(RxWiki News) A full pregnancy term is 38 to 40 weeks. If it seems like the baby might come sooner, especially before the 34th week, doctors do what they can to prevent a premature birth.
Women who have symptoms of labor before 34 weeks of pregnancy are often given a medication to prevent going into labor. That delayed labor process is called tocolysis. A common medication for it is nifedipine.
The goal is to delay labor at least two days so a steroid can be given to help the baby develop faster for delivery. A recent study looked at the outcomes of babies when tocolysis is extended with nifedipine for more than 2 days.
Researchers found nifedipine does not improve outcomes for the newborn just before and just after birth.
The medication may still be helpful for those two days after early labor signs, but there is no apparent value in continuing it after those days.
"Attend all prenatal appointments."
The study was led by Carolien Roos, MD, from the Department of Obstetrics and Gynecology at Radboud University Nijmegen Medical Centre in the Netherlands.
The researchers compared two groups of pregnant women who showed signs of early labor between the 26th and 32nd week of pregnancy.
All the 406 women had been given tocolytics (drugs to cause tocolysis) to delay their labor for 48 hours and a dose of corticosteroids. The corticosteroids are given to improve the baby's lung maturity more quickly before possible early delivery.
The tocolytic delays the labor to give the steroid time to work and to provide time for the woman to be transferred to a hospital with a neonatal intensive care unit (NICU).
Then 201 of the women were given a daily dose of 80 mg of nifedipine for 12 days. Nifedipine is a type of medication called a calcium-channel blocker.
It's approved for other conditions, but the goal here was to see if it would further delay labor and delivery for the pregnant women.
The other 205 women were given a placebo (fake pill) for 12 days.
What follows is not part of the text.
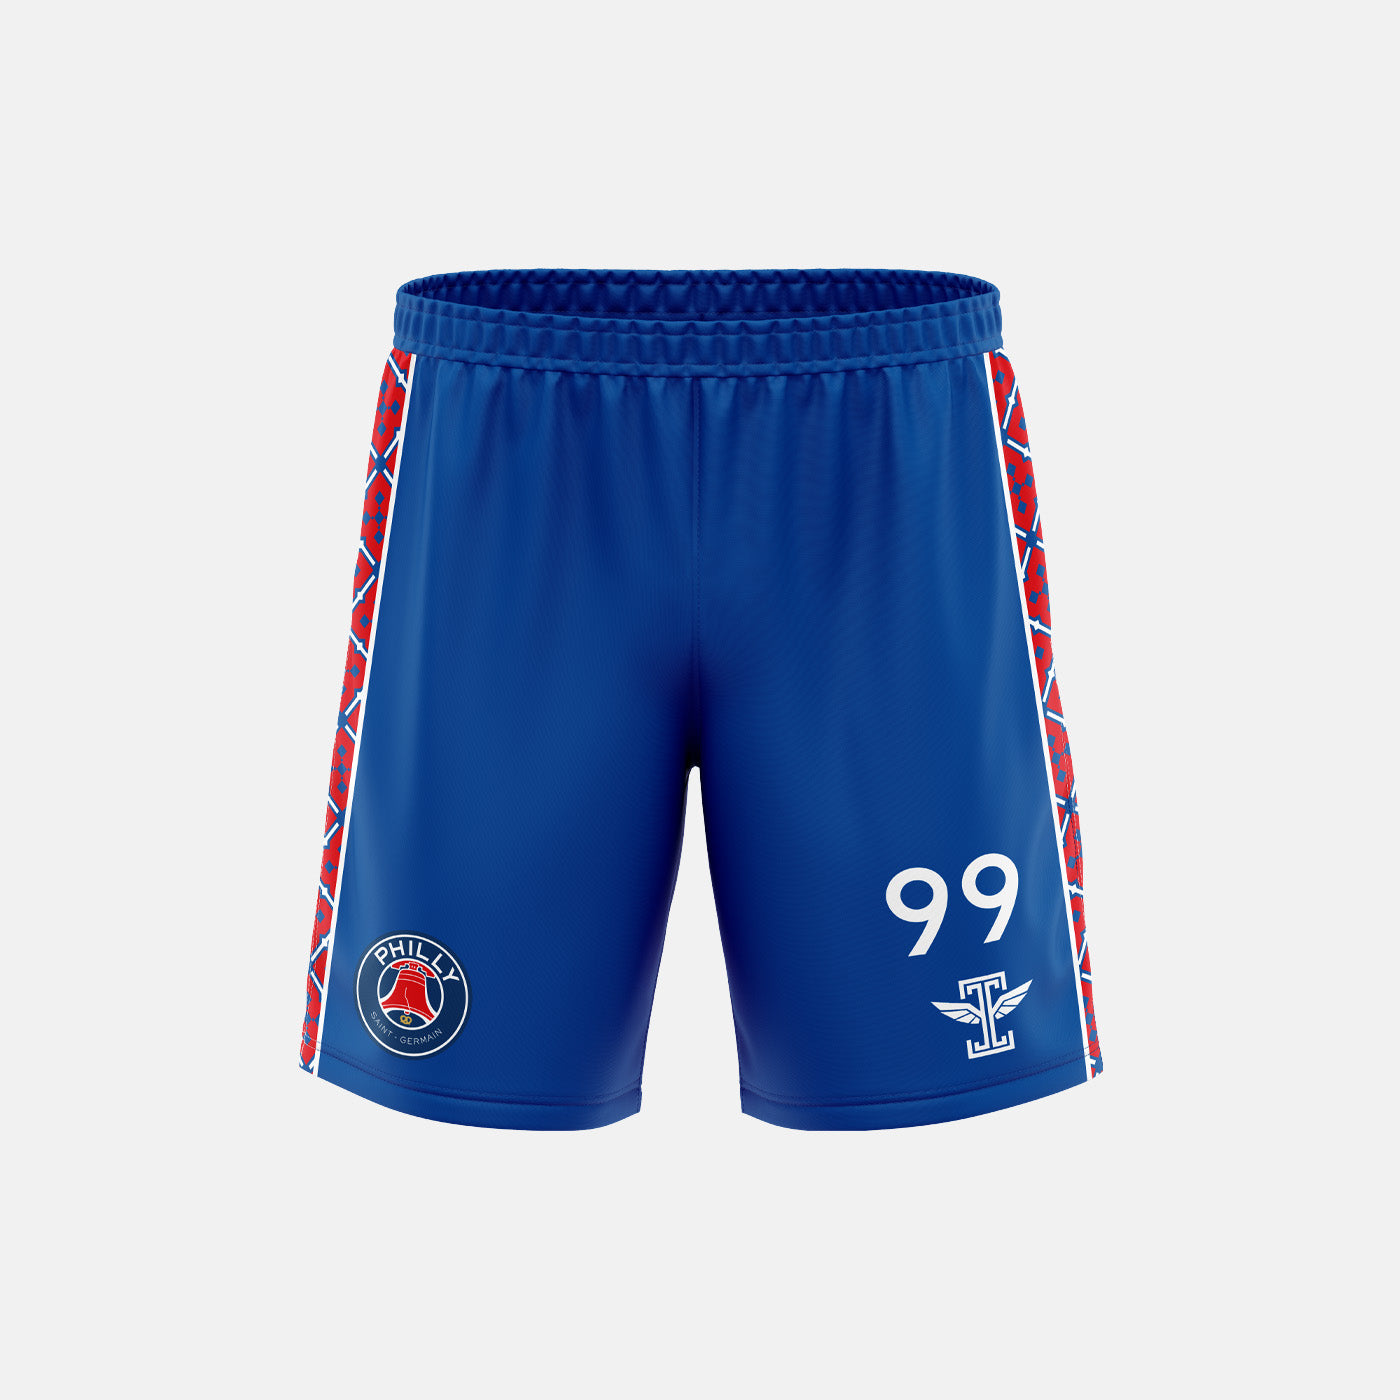 Philly Saint-Germain Blue Shorts

Then the doctors looked at the rate of newborn death and several other complications in the babies.
These complications included infection, chronic lung disease, bleeding in the brain, other types of brain injury and a condition called necrotizing enterocolitis, when tissue in the baby's intestines dies.
The results showed that there were not any substantial differences in the rates of complications between the two groups of women.
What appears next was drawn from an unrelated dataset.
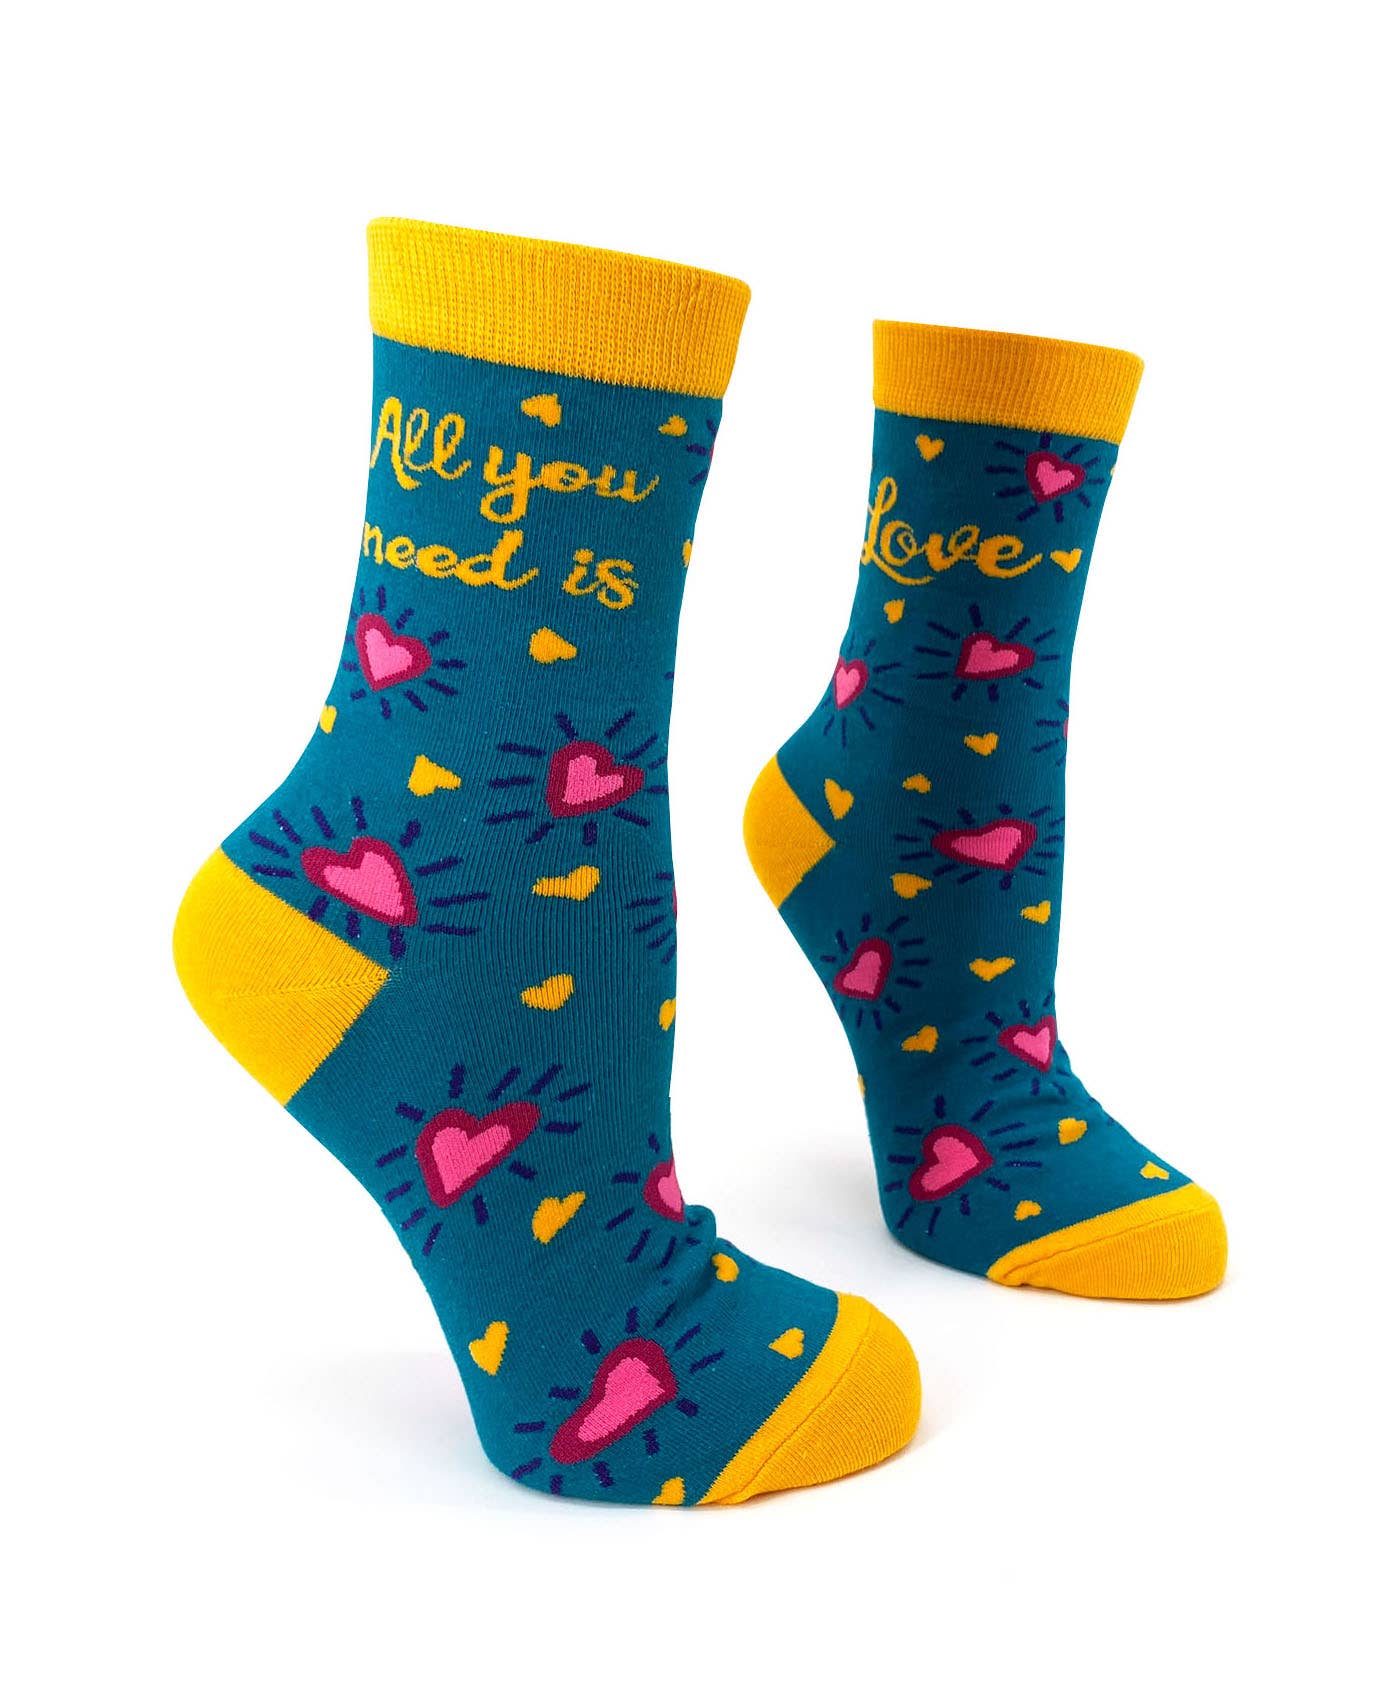 All You Need Is Love Women's Crew Socks

In the group who received the additional doses of nifedipine, 11.9 percent had babies with a serious complication. The rate among women who received the placebo was 13.7 percent.
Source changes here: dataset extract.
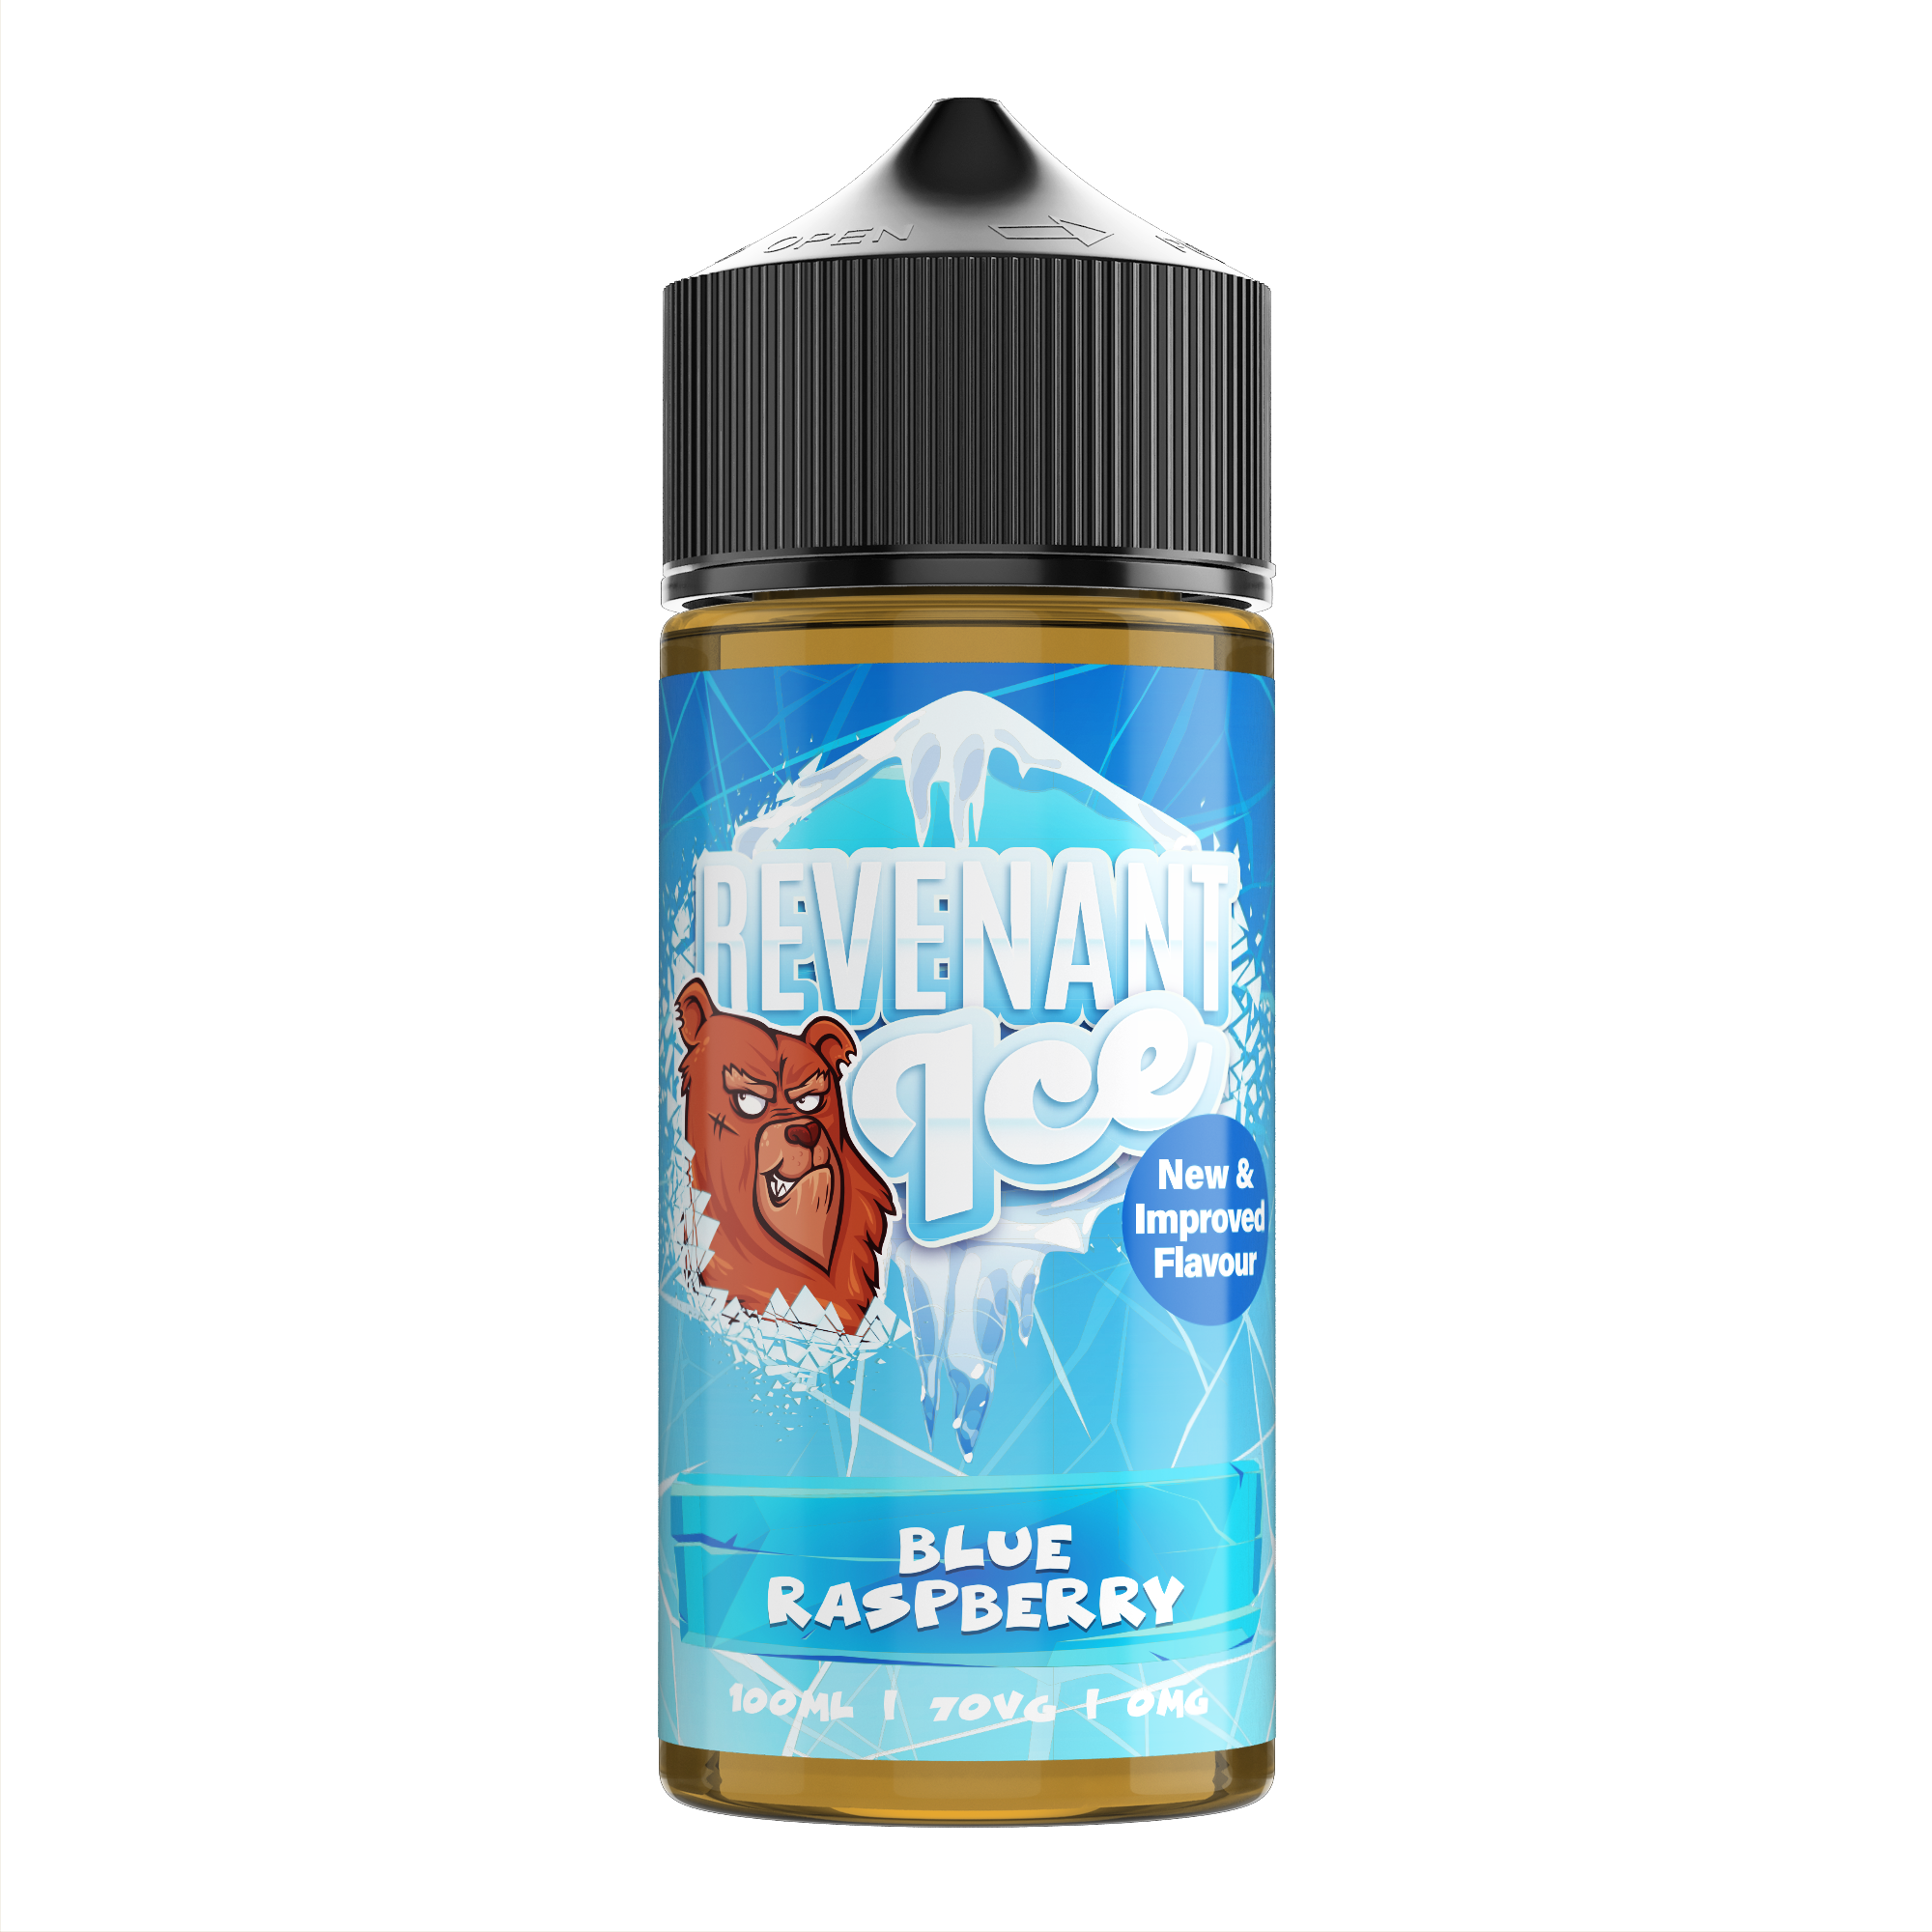 Blue Raspberry Ice 100ml Shortfill by Revenant Ice

The rate was higher among the women who received the placebo, but not high enough to show that the medication in the other group actually made any difference. The difference could have been attributed to statistical chance.
The researchers therefore concluded nifedipine's "use for maintenance tocolysis does not appear beneficial at this time."
The research was published January 2 in JAMA. The research was funded by a grant from ZonMw, the Netherlands Organization for Health Research and Development Healthcare Efficiency Program.
One author has a pending grant from CSL Behring. Another author has offered expert testimony in courts and lectures for payment, receives royalties on a textbook about obstetrics, and holds private, unrelated stocks. No other disclosures were noted.